Asteroids made of “sand” are merely going to “go away” if they hit the Earth? I would really like to see the scientific research Bolden is relying on for this statement.

Government and the impending shortage of helium

The law of unintended consequences strikes again! We are going to run out of our supply of helium, and it is all because the government first tried to manage and control the resource in the early 20th century, and then decided in the 1990s to extricate itself from that management. For those of us following the continuing space war over NASA’s future, this story is most instructive in illustrating how difficult it is to get the government out of our lives, once we have let it in.

Bolden interview with al-Jazeera

This interview of Charles Bolden, NASA administrator, is another example (in a long list of examples) of the clearly misplaced priorities of the Obama administration when it comes to NASA and space exploration.

The key quote is in the first two minutes of the interview [emphasis mine]:

Bolden: When I became the NASA Administrator – before I became the NASA Administrator – [President Obama] charged me with three things: One was that he wanted me to re-inspire children to want to get into science and math, that he wanted me to expand our international relationships, and third, and perhaps foremost, he wanted me to find a way to reach out to the Muslim world and engage much more with predominantly Muslim nations to help them feel good about their historic contribution to science, math, and engineering.

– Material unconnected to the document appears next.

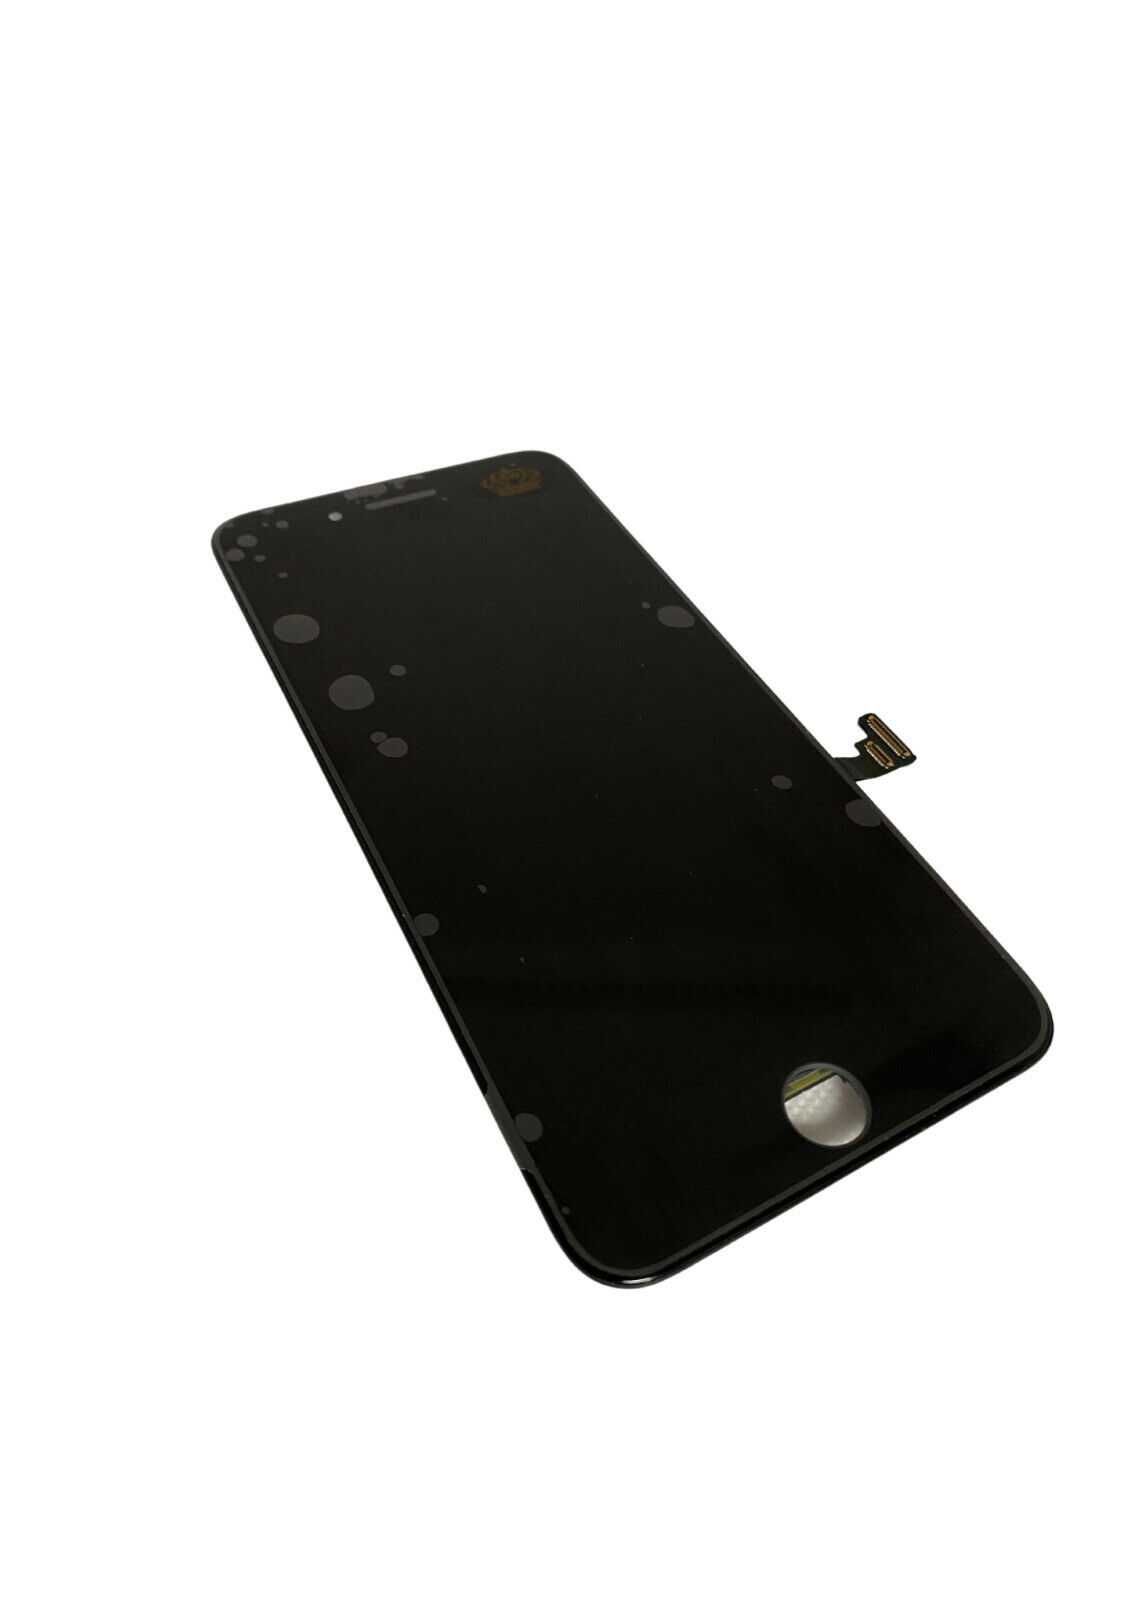  Display LCD iPhone 7 Preto NOVO + Ferramentas
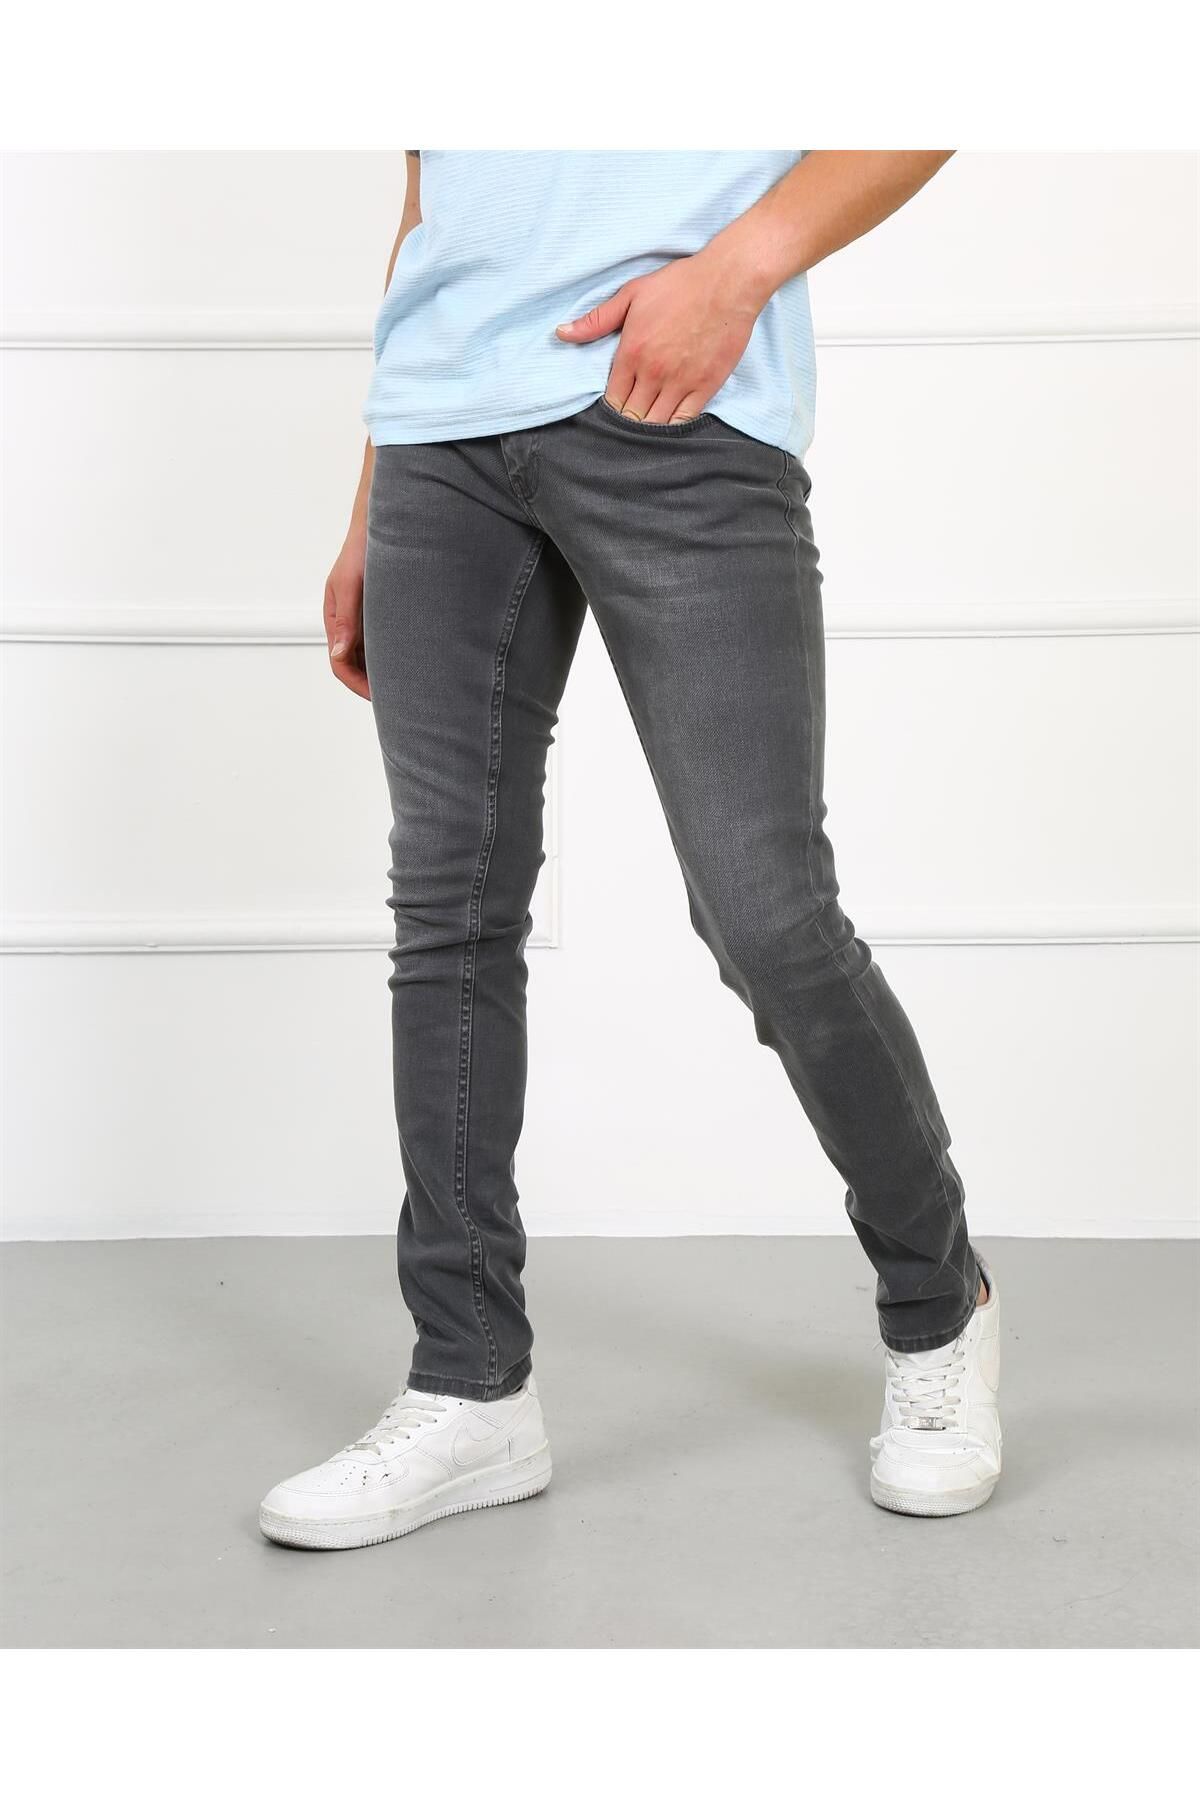 Twister Jeans Erkek Skinny Fit Düşük Bel Pantolon Panama Panama 675-01 Dark Grey

Though all three of these priorities (inspire kids, international cooperation, and help the Muslim world develop) sound nice, none have anything to do with space exploration. More specifically, they have absolutely nothing to do with NASA’s original charter, which was to explore the solar system and encourage the development of the American aerospace industry.

At about 9:50, Bolden then states that “We’re not going to go anywhere beyond low Earth orbit as a single entity. The United States can’t do it. China can’t do it. No single nation is going to go to a place like Mars alone.”

Gee, I wonder what international consortium put those men on the Moon? I always thought the U.S. did it alone. According to Bolden, however, that was impossible: No single nation can do anything alone beyond Earth orbit.

There are more inanities in this interview. Listen for example to his clueless discussion of solar flares at around 19:00 and his statement at 20:30 where he claims an asteroid made of “sand” poses no threat to the Earth.

With leadership like this, the future does not look good for the American aerospace industry.